I've had 5 6.7 fords, 11,12,13,14 and now a 2017. With the exception of a broken fuel line on the 2011, and a broken front axle on a 2014....... the trucks has never been in for warranty.......all tuned also.


----------



## UniqueTouch (Dec 25, 2013)

appreciate it


----------



## dieselss (Jan 3, 2008)

1olddogtwo said:


> I've had 5 6.7 fords, 11,12,13,14 and now a 2017. With the exception of a broken fuel line on the 2011, and a broken front axle on a 2014....... the trucks has never been in for warranty.......all tuned also.


What one had the fuel filter issue?


----------



## Randall Ave (Oct 29, 2014)

dieselss said:


> What one had the fuel filter issue?


I was kinda wondering how he broke a front axle.


----------



## JMHConstruction (Aug 22, 2011)

Both people I know with the 6.7 fords ('12 and '14) have been in the shop for weeks at a time. One even had to have a specialist fly in because the Ford dealers within a 100 miles radius didn't have the knowledge to work on whatever was wrong. I believe something with the fuel line and metal getting in the tank and motor. They replaced a lot of the motor, fuel lines, and everything in between under warranty. I wouldn't touch a Ford diesel if it was given to me. Last guy I know who didn't have issues had a 7.3. I do love the looks of the super duty trucks though. I also heard Cummins was having problems with theirs, but I don't know of anyone personally with issues.


----------



## dieselss (Jan 3, 2008)

Trying to unstuck a skidsteer. I think he said all he could see was the cab blinky light


----------



## Randall Ave (Oct 29, 2014)

dieselss said:


> Trying to unstuck a skidsteer. I think he said all he could see was the cab blinky light


Well stuff like that keeps us guys in business.


----------



## Mark Oomkes (Dec 10, 2000)

52k on my Cummings and 1 water pump replaced. Not sure why, but it was leaking. Something with the fan clutch and hub that was a TSB. First engine problem I've had with it. 
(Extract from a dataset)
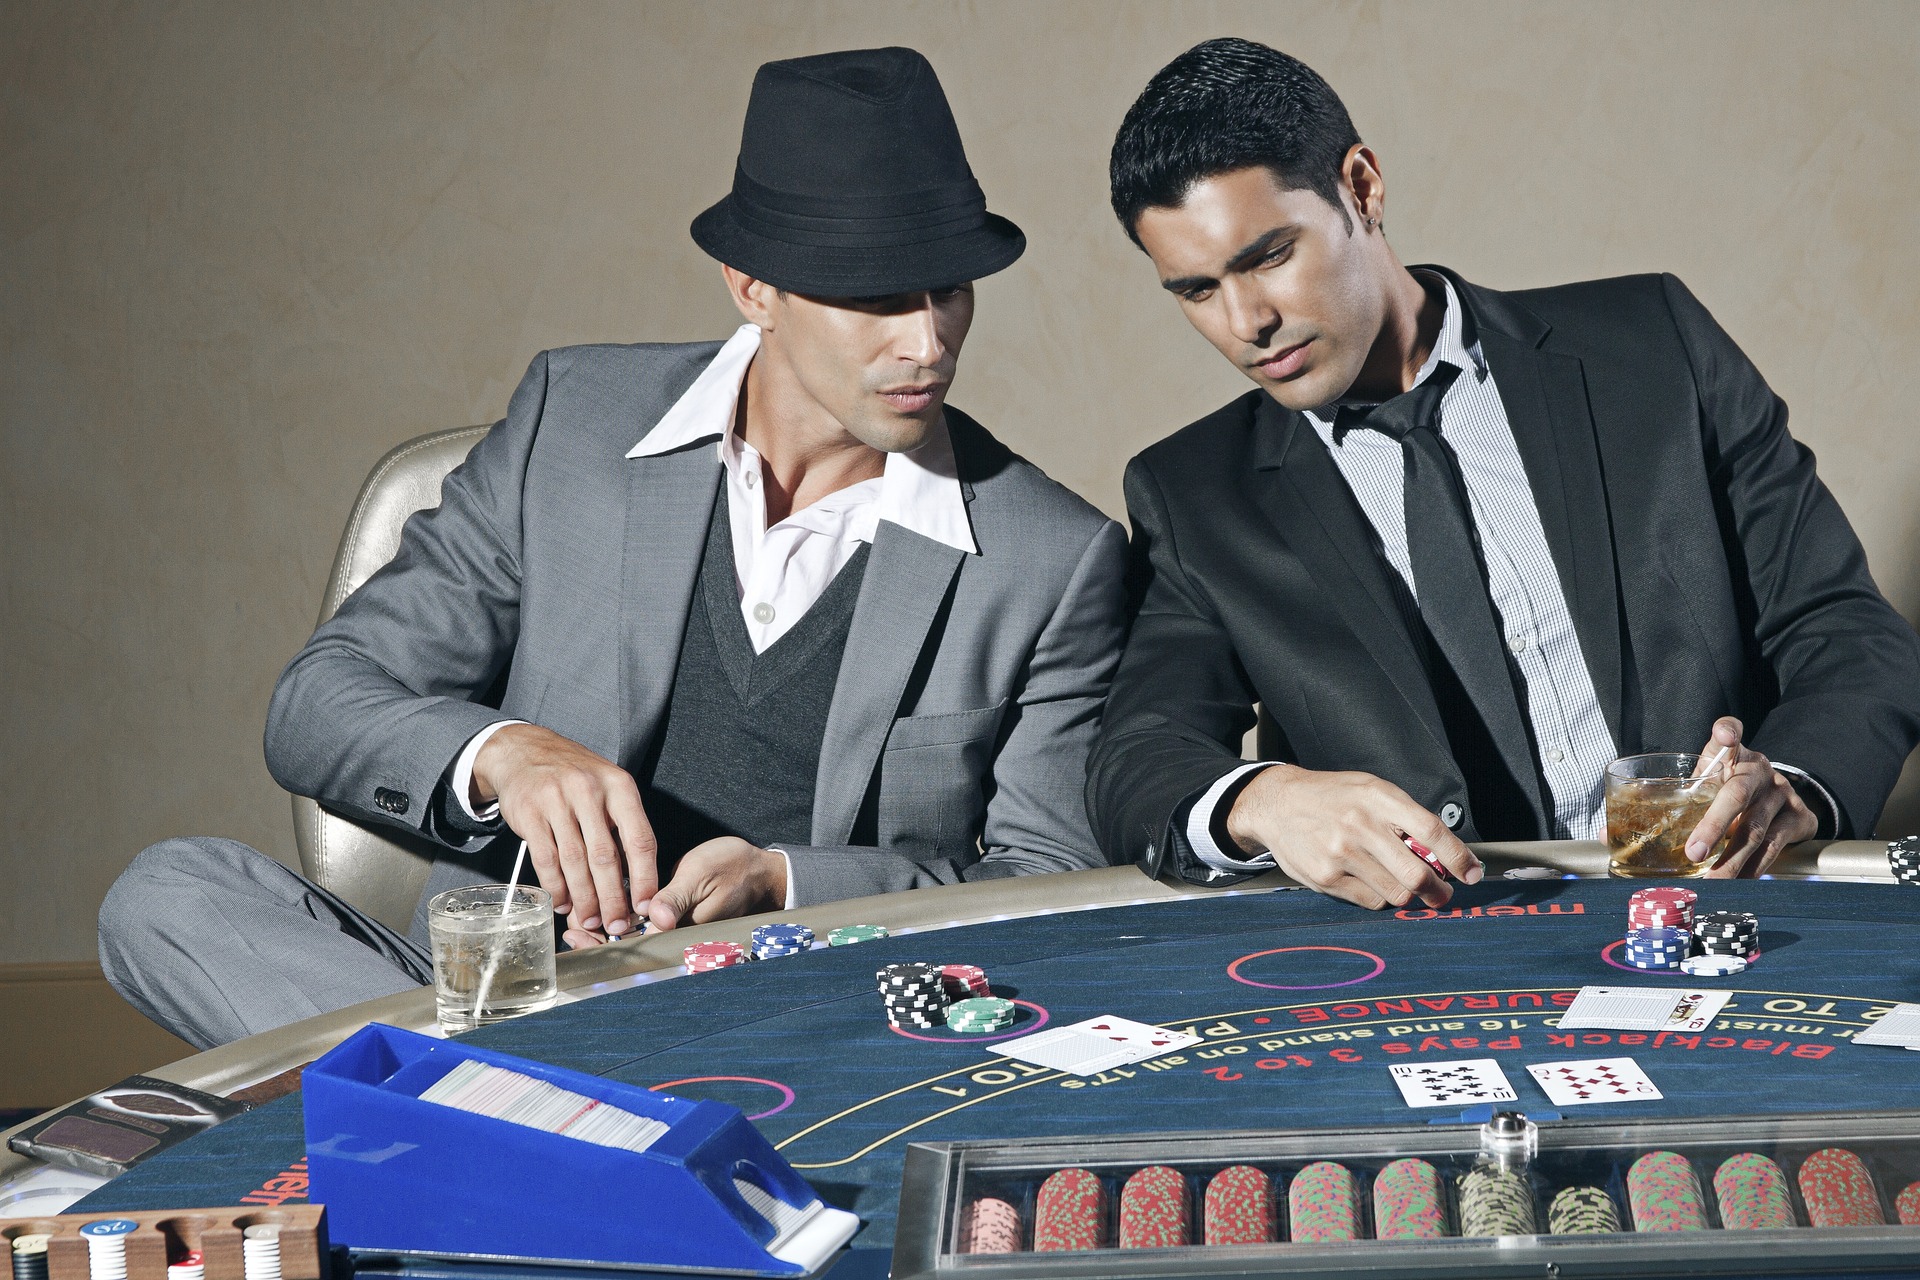 The Psychology And Science Behind Gambling Behavior - What Makes People Gamble?
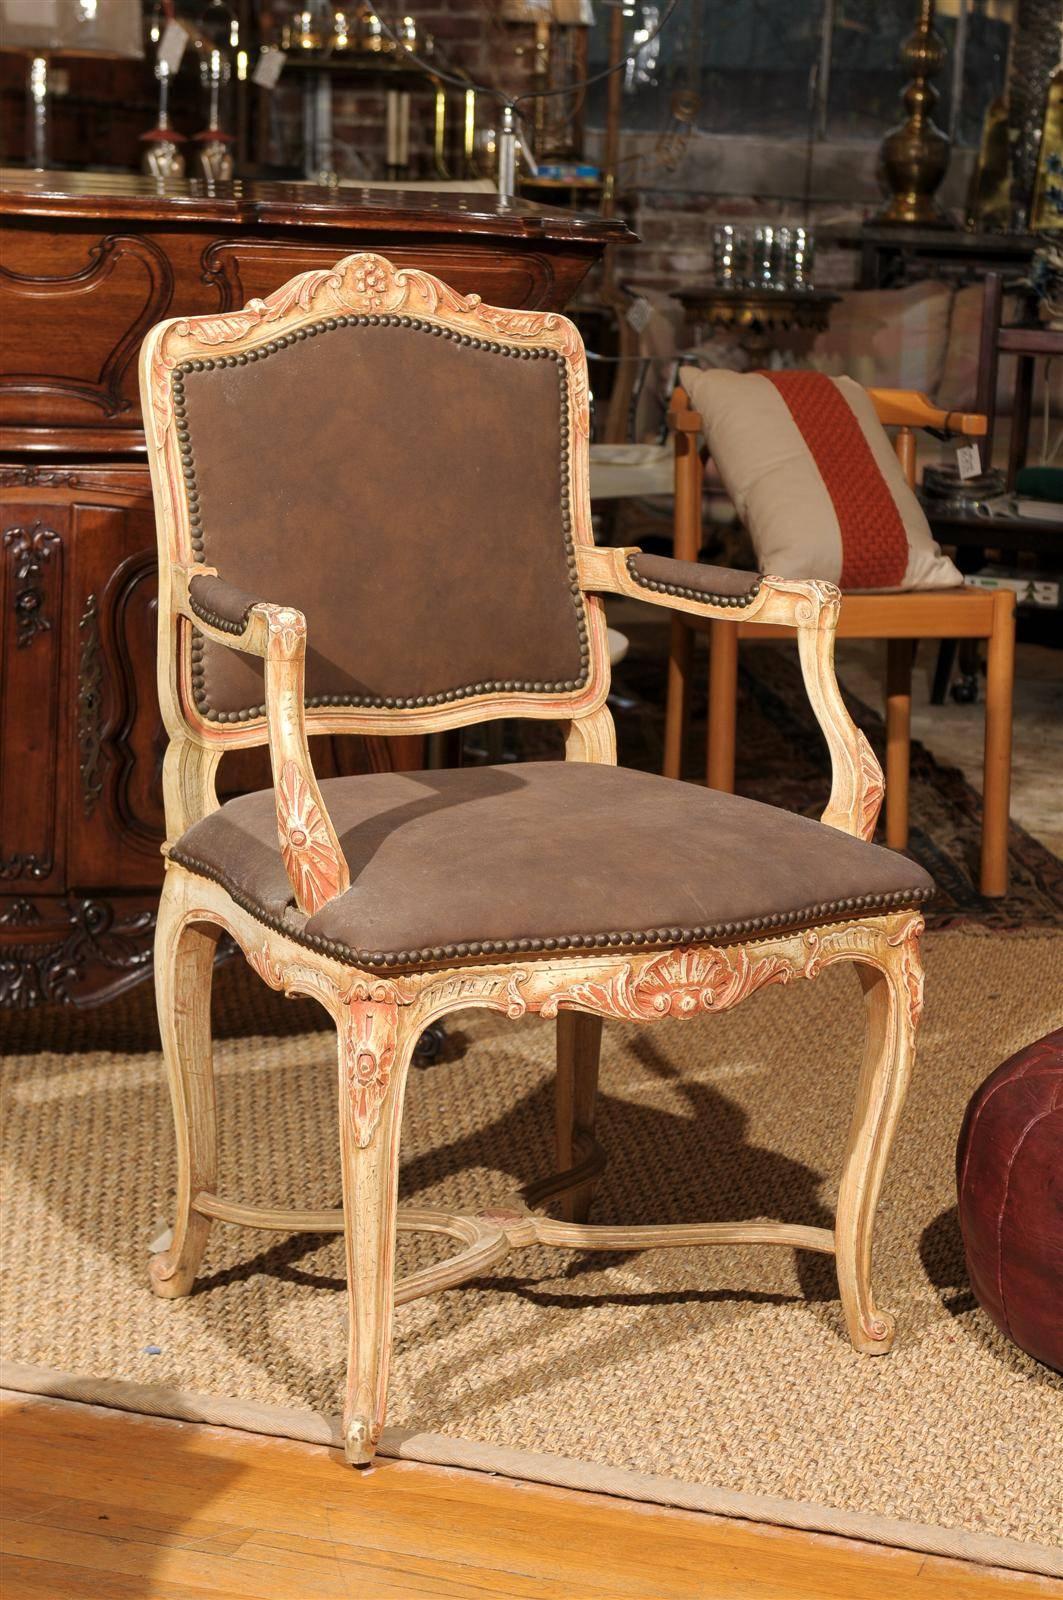 20th Century hand carved and painted wooden fauteuil or side chair in the Louis XV style with the seat, back, and arms upholstered in chocolate brown suede and decorated with nailheads.

I've heard good and bad aboot the 6.7 Furd. BIL has had 2 good ones and 1 that Furd bought back. More good than bad with them though. 

Not sure you can go wrong with either.


----------



## Randall Ave (Oct 29, 2014)

I'd give the Cummins a go


----------



## 1olddogtwo (Aug 6, 2007)

dieselss said:


> What one had the fuel filter issue?


2011, I stressed the fuel supply line when I changed the top (engine) filter. Next day it broke. I was a learning curve.


----------



## 1olddogtwo (Aug 6, 2007)

Randall Ave said:


> I was kinda wondering how he broke a front axle.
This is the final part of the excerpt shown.